Data extract Block Start

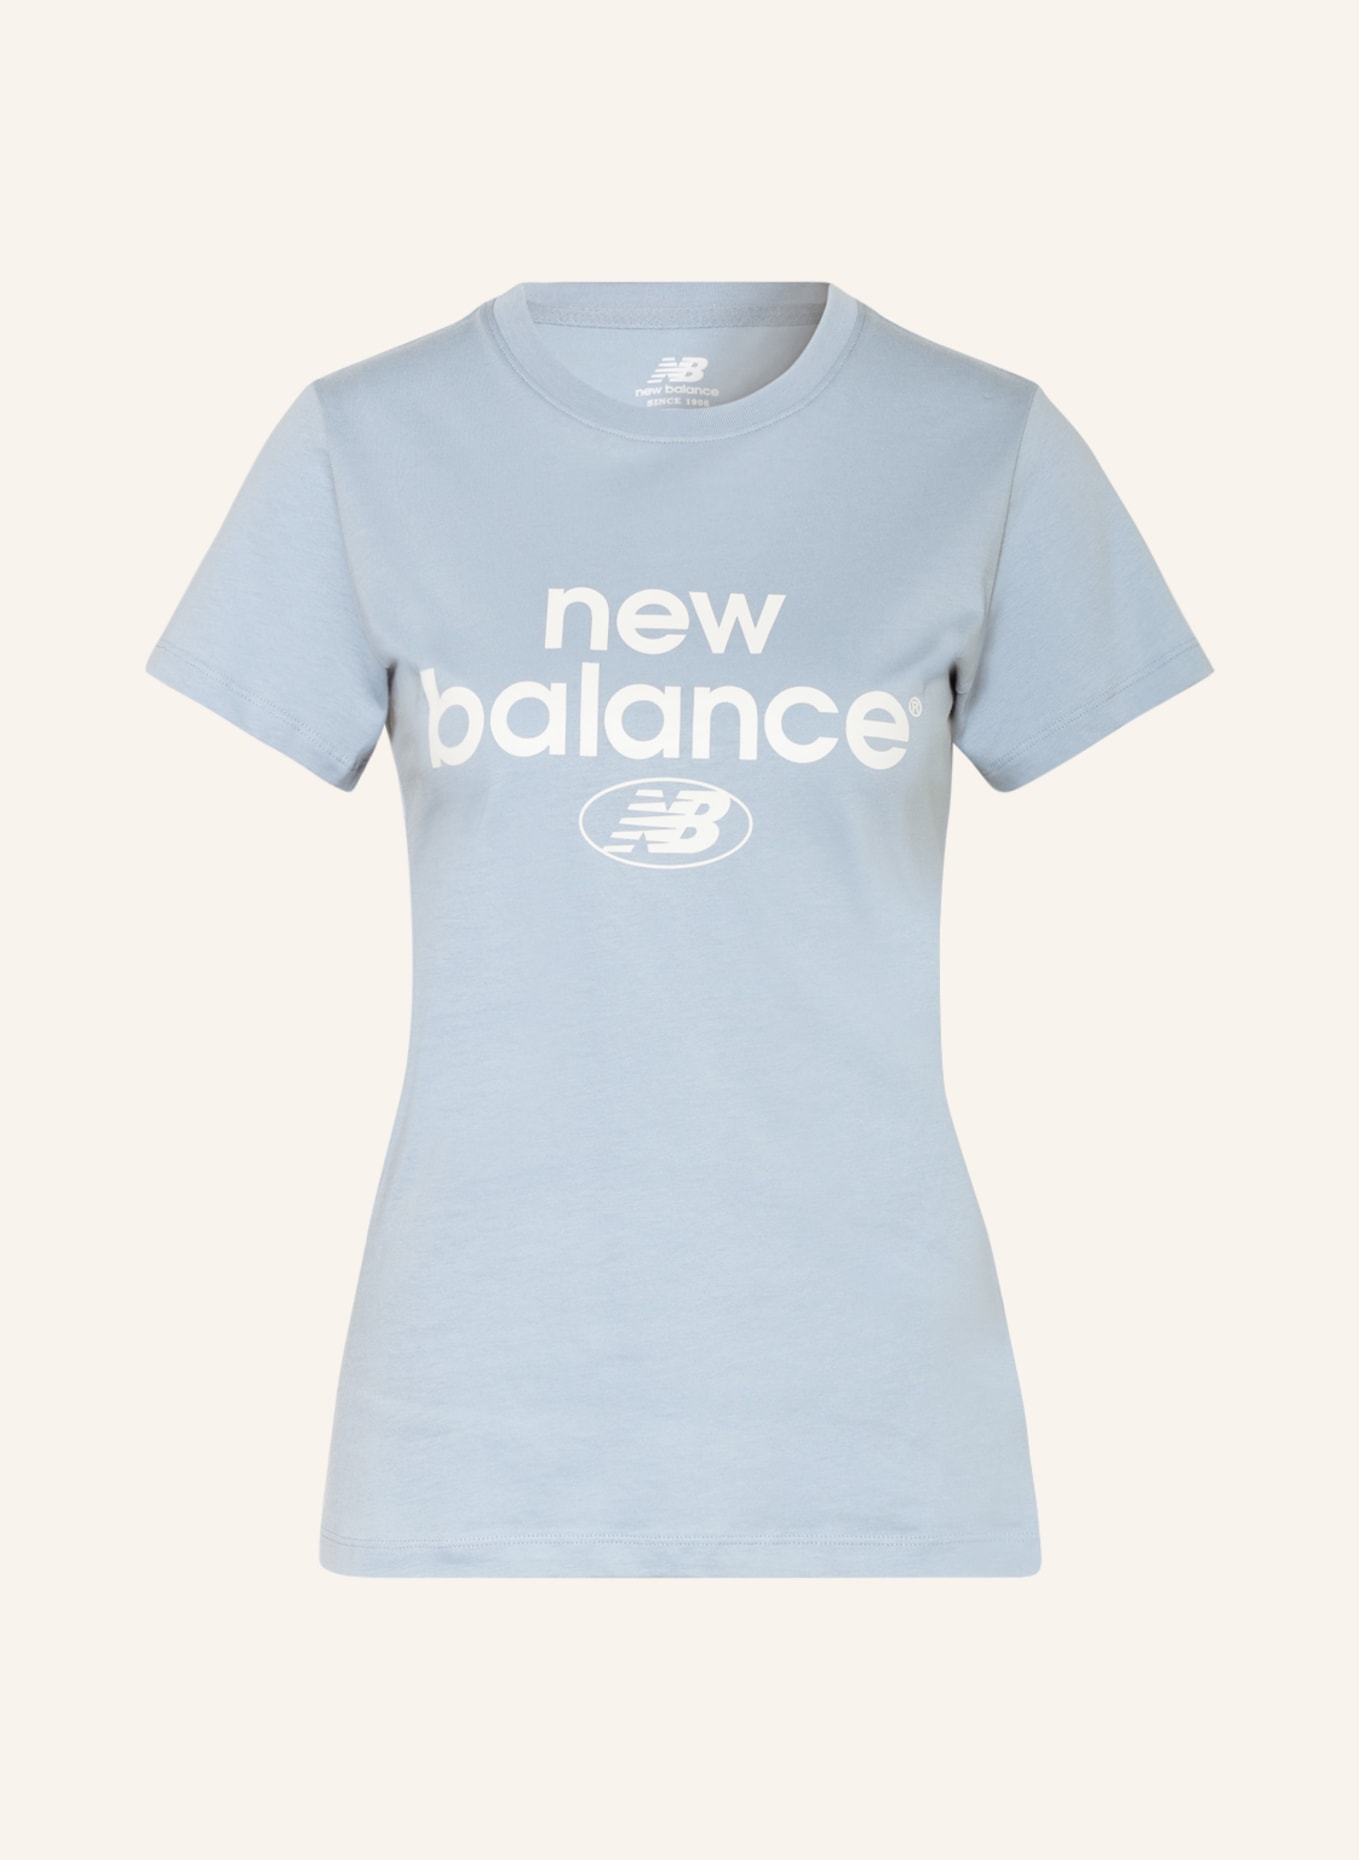 new balance white blue/ light T-shirt ESSENTIALS in
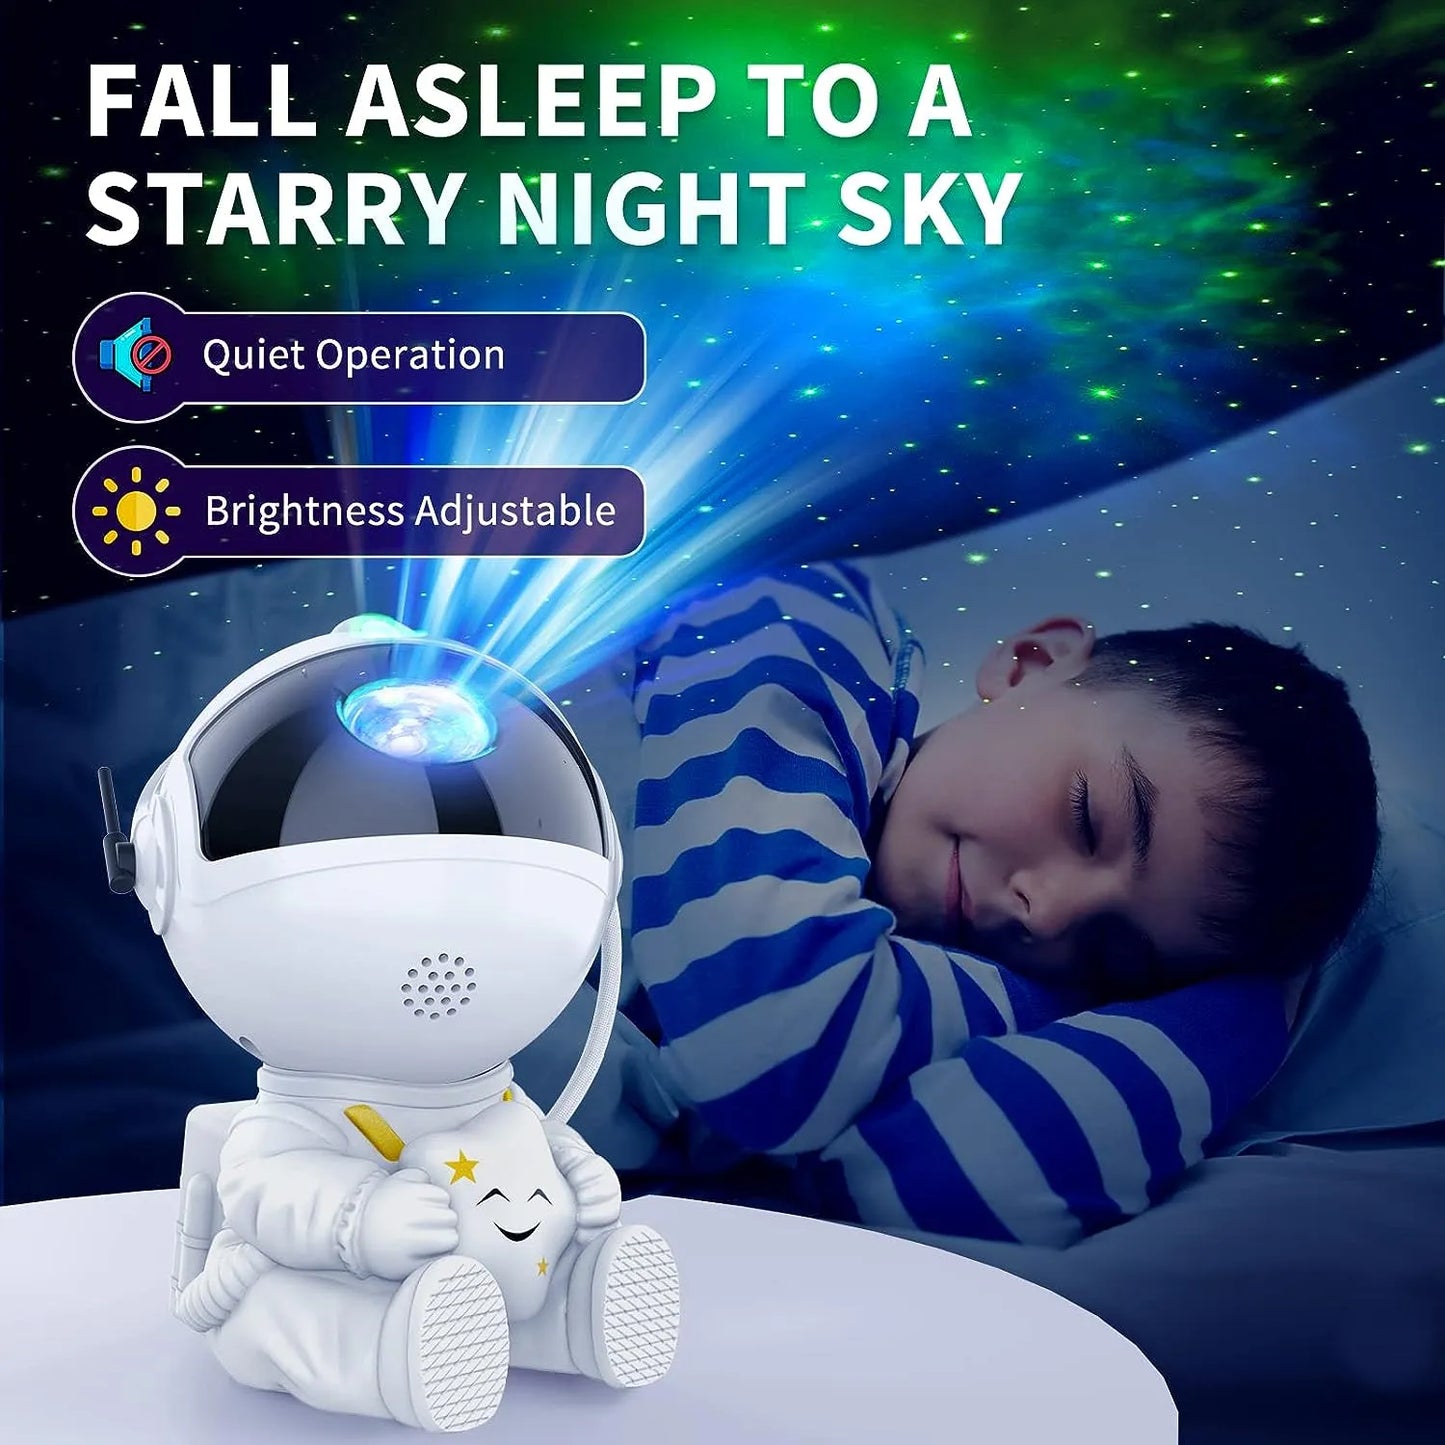 Astronaut Star Projector for Kids, Galaxy Night Light, Bedroom Decor
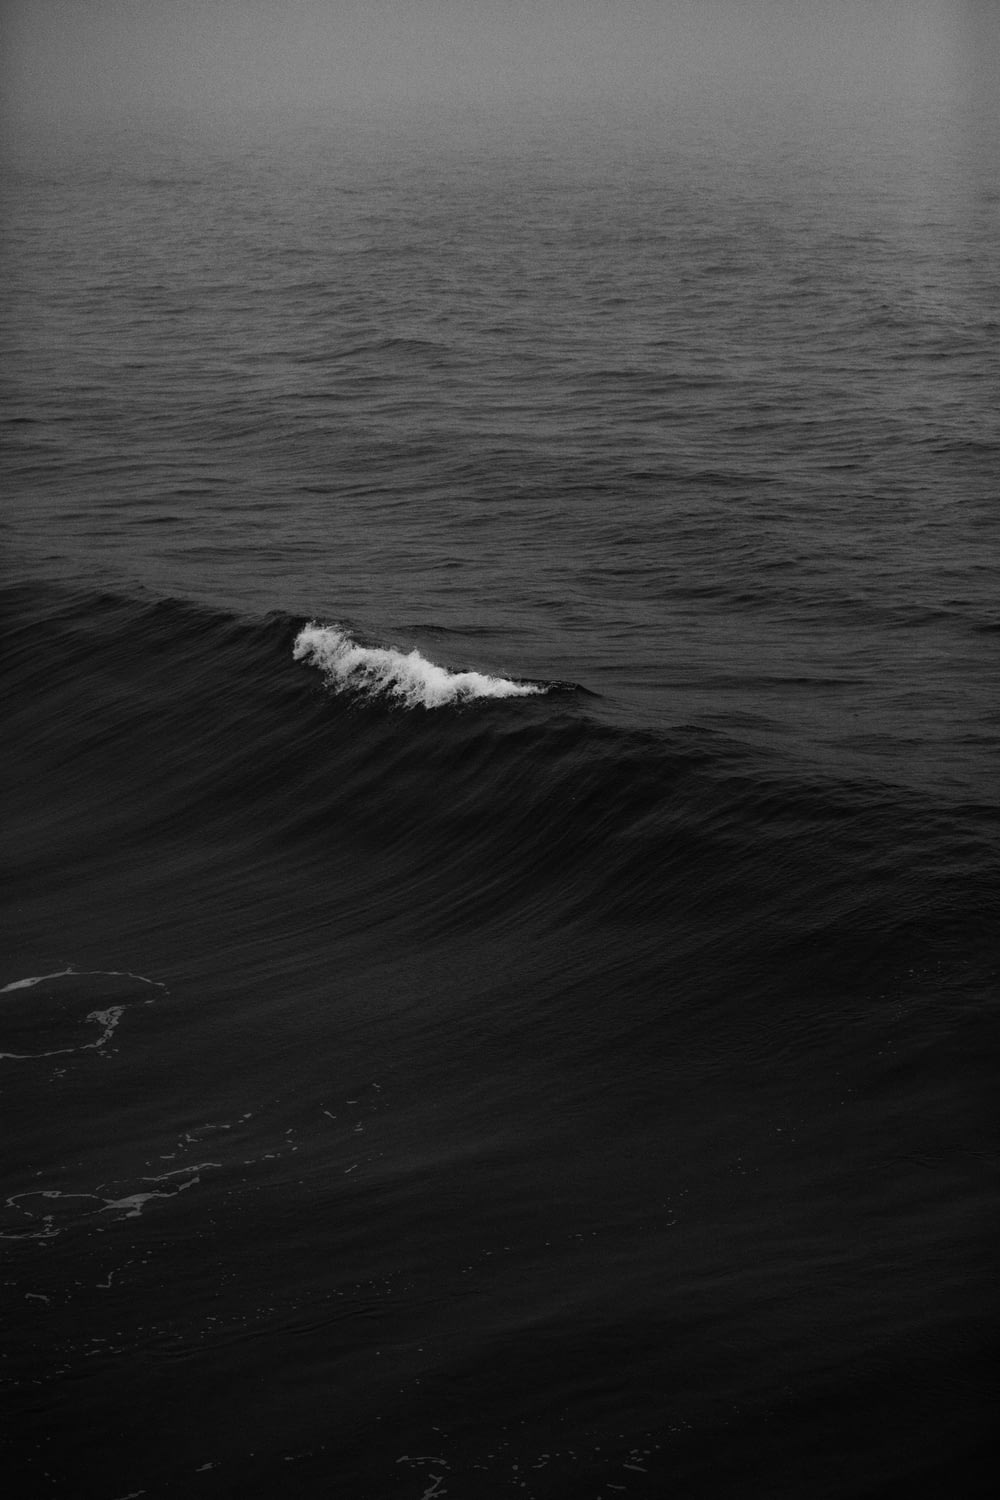 ocean wave in shallow focus lens
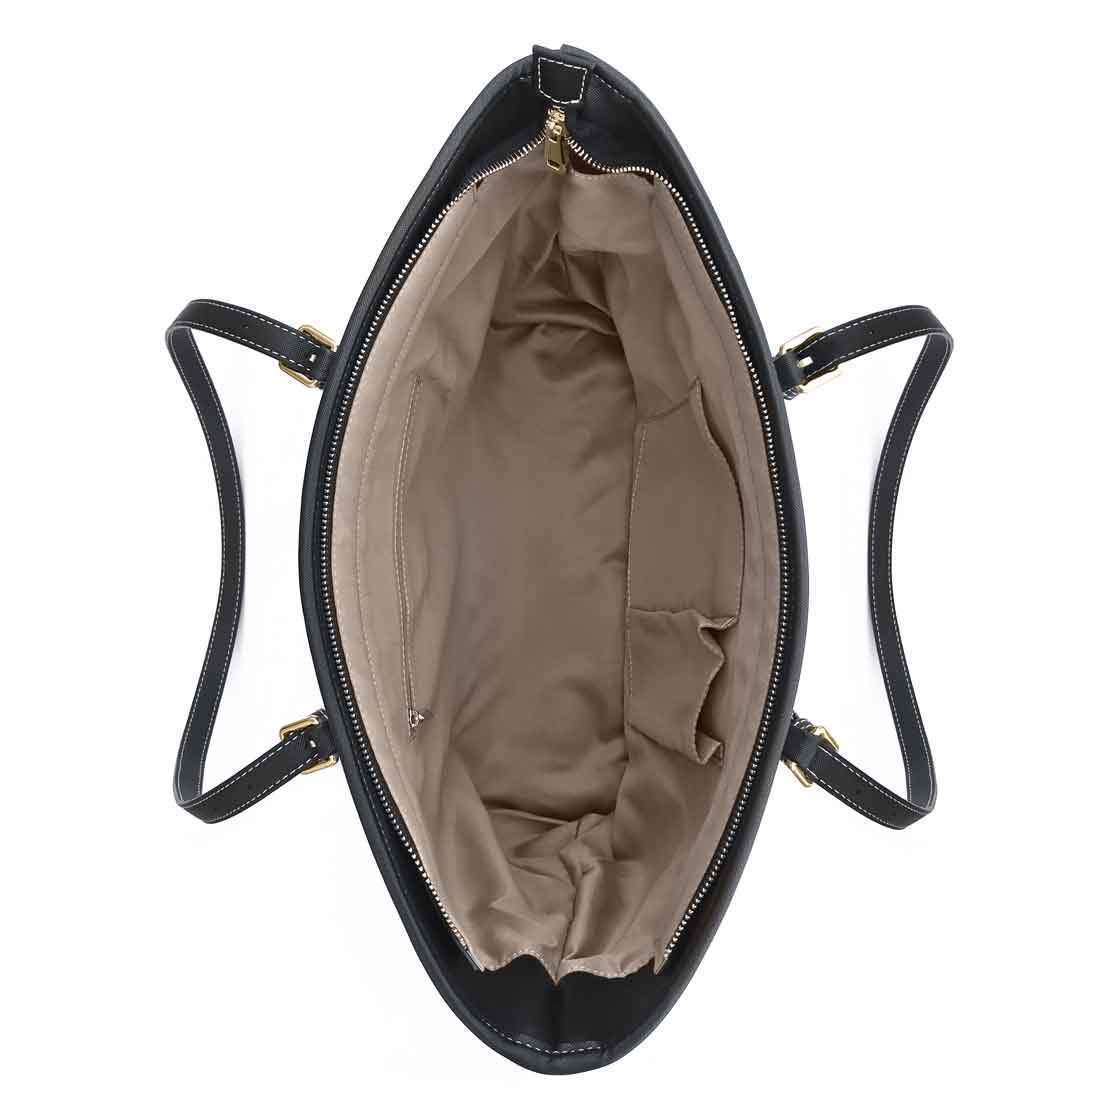 The Pieta Tote Bag (Black) - VENXARA®

Data extract Block End

__Aim of the task__
Exactly as given, set down each line of the material, but include no pictures.

__Solution to this problem__
 new balance white blue/ light T-shirt ESSENTIALS in
 Astronaut Star Projector for Kids, Galaxy Night Light, Bedroom Decor
 ocean wave in shallow focus lens
 The Pieta Tote Bag (Black) - VENXARA®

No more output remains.